- Em 2025, fundos soberanos do Golfo representaram até quarenta por cento do valor de negócios de investidores estatais, com deals totalizando $56,3 bilhões; ativos sob gestão acima de $5,6 trilhões, com projeção de $8,8 trilhões em 2030.
- Saudi Vision 2030 e o Fundo de Investimento Público (PIF) atingiram mais de $1 trilhão em ativos em 2025.
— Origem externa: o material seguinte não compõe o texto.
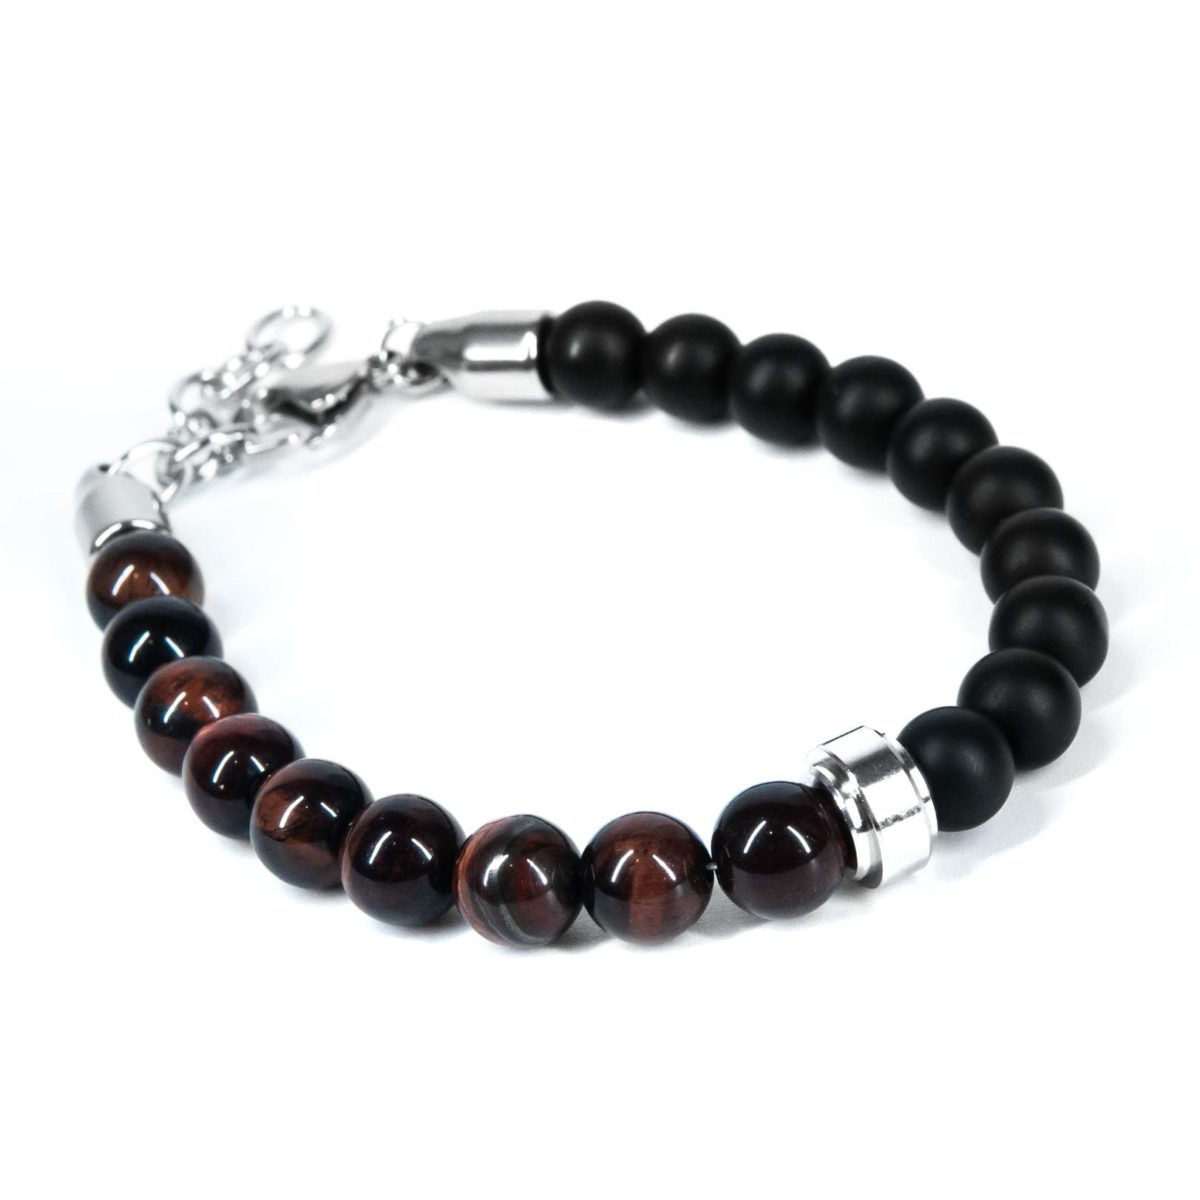 https://m.clubbella.co/product/anson-tiger-eyes-bracelet/ Anson Tiger Eyes bracelet (3)
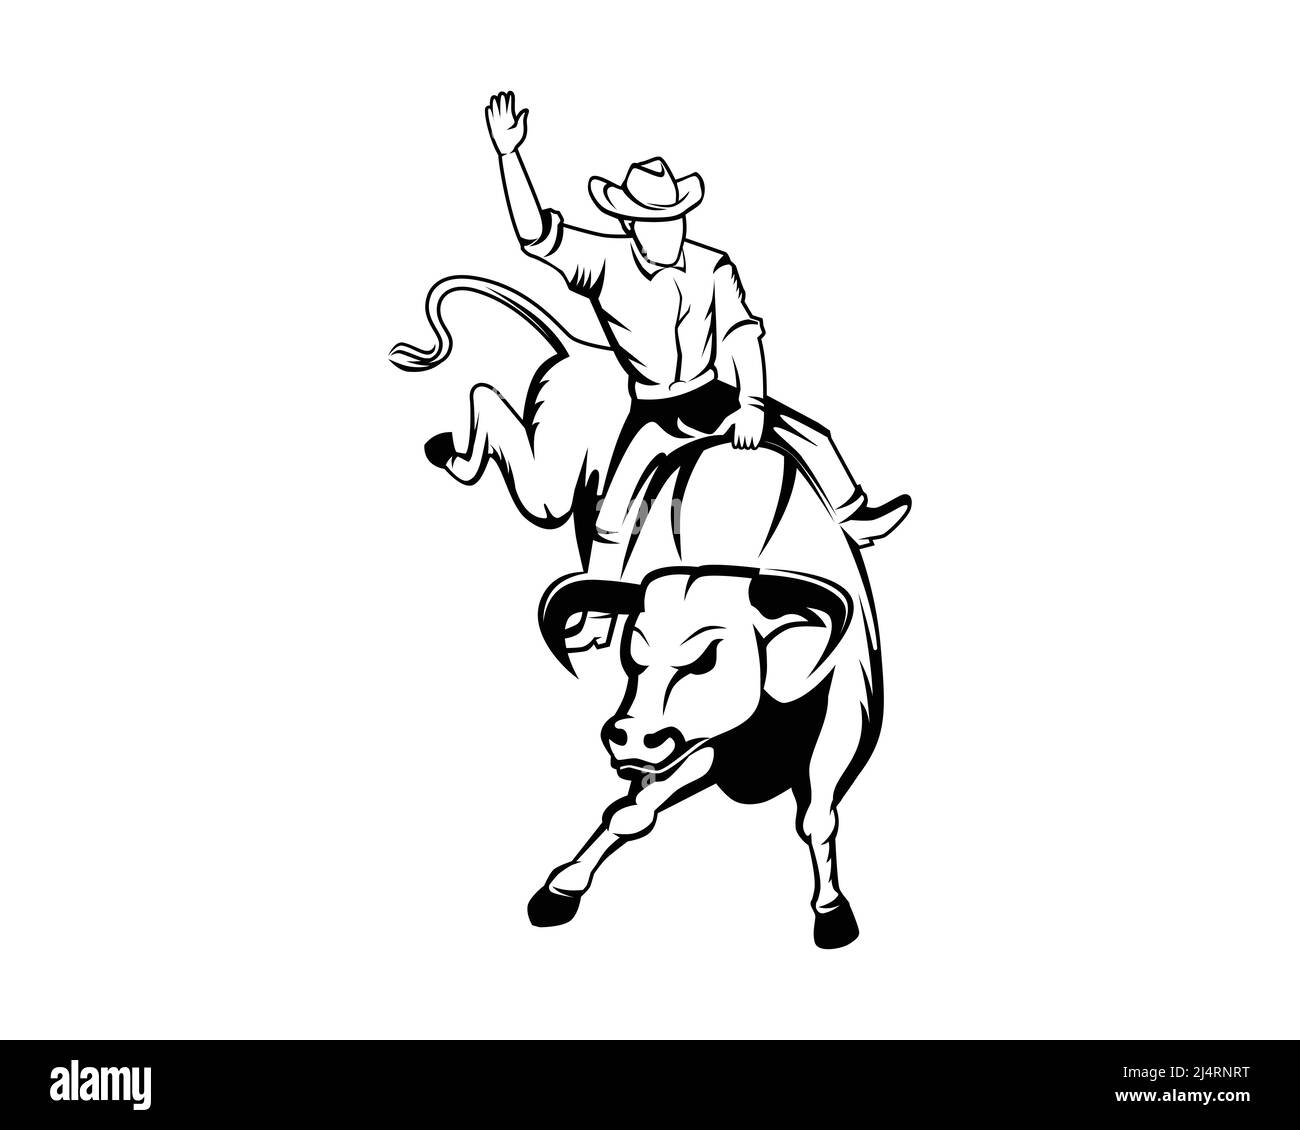 Rodeo or Cowboy Riding a Wild and Furious Bull Illustration with Silhouette Style Vector Stock Vector

- Os fundos passaram de investimentos passivos para alocadores ativos, promovendo mandatos geoeconômicos e avanços em tecnologia.
- Vision 2030 busca diversificação econômica, com giga-projetos como Qiddiya, Diriyah e Neom, que passaram por desaceleração ou recalibração frente a preços de petróleo baixos e maior importação.
- Países do Golfo, como Emirados Árabes Unidos e Qatar, fortalecem influência global com investimentos, educação, infraestrutura e alianças estratégicas com Estados Unidos e China.
Em 2025, fundos soberanos do Golfo responderam por até 40% do valor de negócios de investidores estatais globalmente, com operações totalizando 56,3 bilhões de dólares. Os ativos geridos superam 5,6 trilhões, com previsões de chegar a 8,8 trilhões até 2030.
Entre os detentores, o Fundo de Investimento Público (PIF) da Arábia Saudita ultrapassou 1 trilhão de dólares em ativos no mesmo ano. Outros pilares são Abu Dhabi, Kuwait e Qatar, ativos que moldam fluxos globais de capital.
Essa concentração marca a transformação de fundos estatais em ativos ativos, não apenas passivos. A ideia é alocar capital de forma estratégica para diversificação, tecnologia e influência geopolítica, com horizontes de longo prazo. A região busca equilibrar juros domésticos e interesses externos.
Panorama regional e estratégica
Vision 2030, de Saudi Arabia, impulsiona reformas com foco em empregos, turismo, tecnologia e energia. O PIF atua como motor de transformação, integrando projetos de infraestrutura e setores de alto valor agregado. O resultado é uma posição financeira dominante na região.
Dinâmica geopolítica e competição global
Os Gulf monarchies moldam o cenário global ao alinhar capitais com metas nacionais de desenvolvimento e com alianças estratégicas, especialmente com EUA e parceiros asiáticos. A dependência de investimentos intensivos conecta economia doméstica a cenários de rivalidade entre as grandes potências.